Amber M

After studying constitutional law, I have become all too familiar with the use of precedents. Precedent in laymen terms is simply a decision made prior to the one in question. Who ever is either upholding the precedent or deciding against it in latter is simply thinking one of the following: the precedent no longer applies, the precedent still stands, or the facts are not similar enough to reference this particular precedent. Llewellyn takes precedent and offers two different views, strict and loose. Of which he offers a more in depth look at the uses of the two views as well.

Strict view, as Llewellyn refers to is when the court does not reference a precedent. The precedent in question is undesirable to the judges; therefore the use of it is just as undesirable. Therefore, the court makes its own decision of the subject being brought before them. Loose view on the other hand is just the opposite. “…that is the view the court has decided, and decided authoritatively, any point or all points on which it chose after due argument, to pass…,” as Llewellyn describes loose view. The point here is that loose view is actually the idea that lawyers use to help predict the behavior of the courts. Under the loose view the use of precedent is most desired and on the contrary under strict view the use of precedent is least desired.

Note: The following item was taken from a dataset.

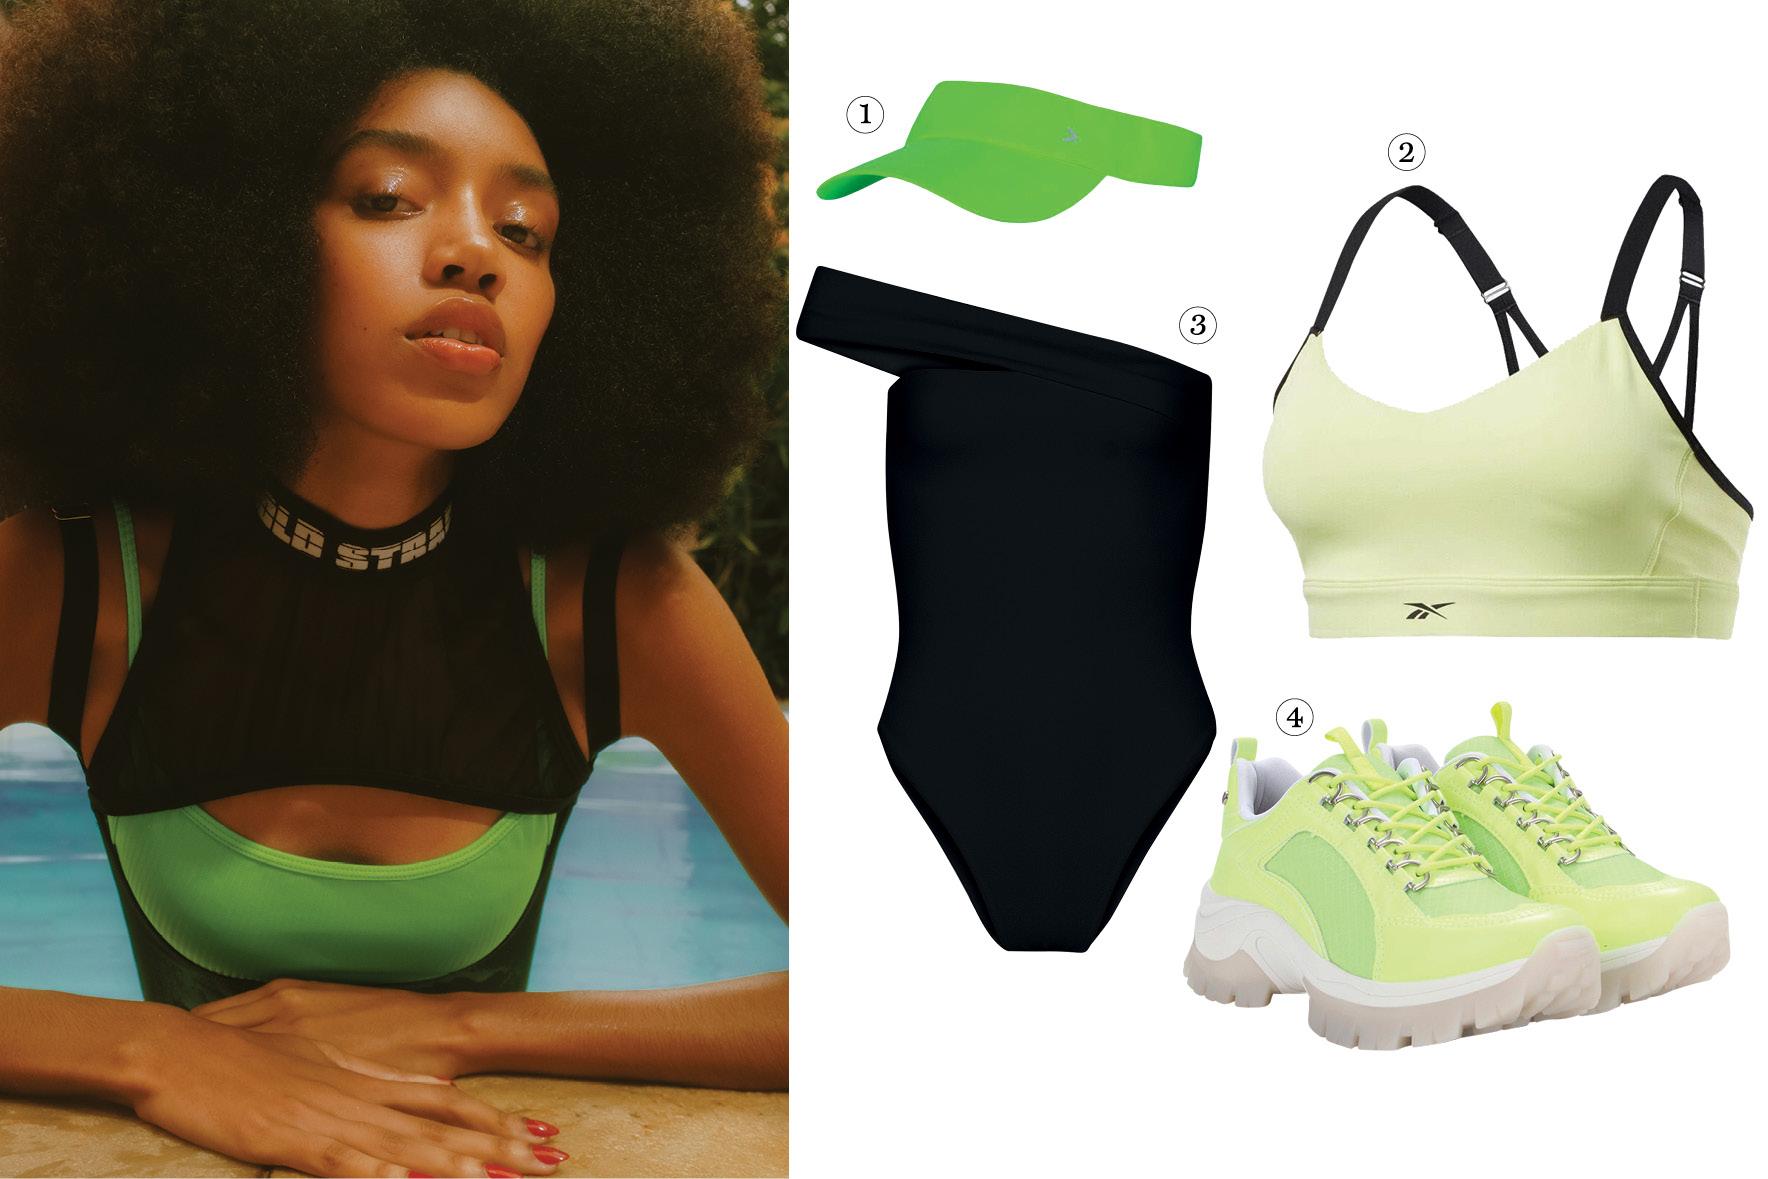 Modelos vestem as roupas do editorial acima e, ao lado, há peças parecidas par copiar o look.

Plessey v. Ferguson (1896) when decided was a landmark for many years to come when questioning segregation. The decision made was, “separate but equal.” For many cases to come, the outcome remained the same, “stare decisis” or let the decision stand. It wasn’t until Brown v. Board of Education (1954) that the precedent from Plessey v. Ferguson was overturned and separate but equal was to be no longer, since separate but equal never really meant equal.

The previous point was made to illustrate the use of precedent and then the overturning of a precedent. Throughout my study of Con Law it was made clear that the Supreme Court never liked too, nor likes to overturn any previous ruling. I feel it is more along the lines of an ego problem; however that is just my personal opinion. Either way you look at it, there has not been many times where the court has overturned their own ruling. The court has however “amended” several rulings in order to make clearer their initial point. Precedent can be used for good, and for bad; it just depends what side of “the law” you are on.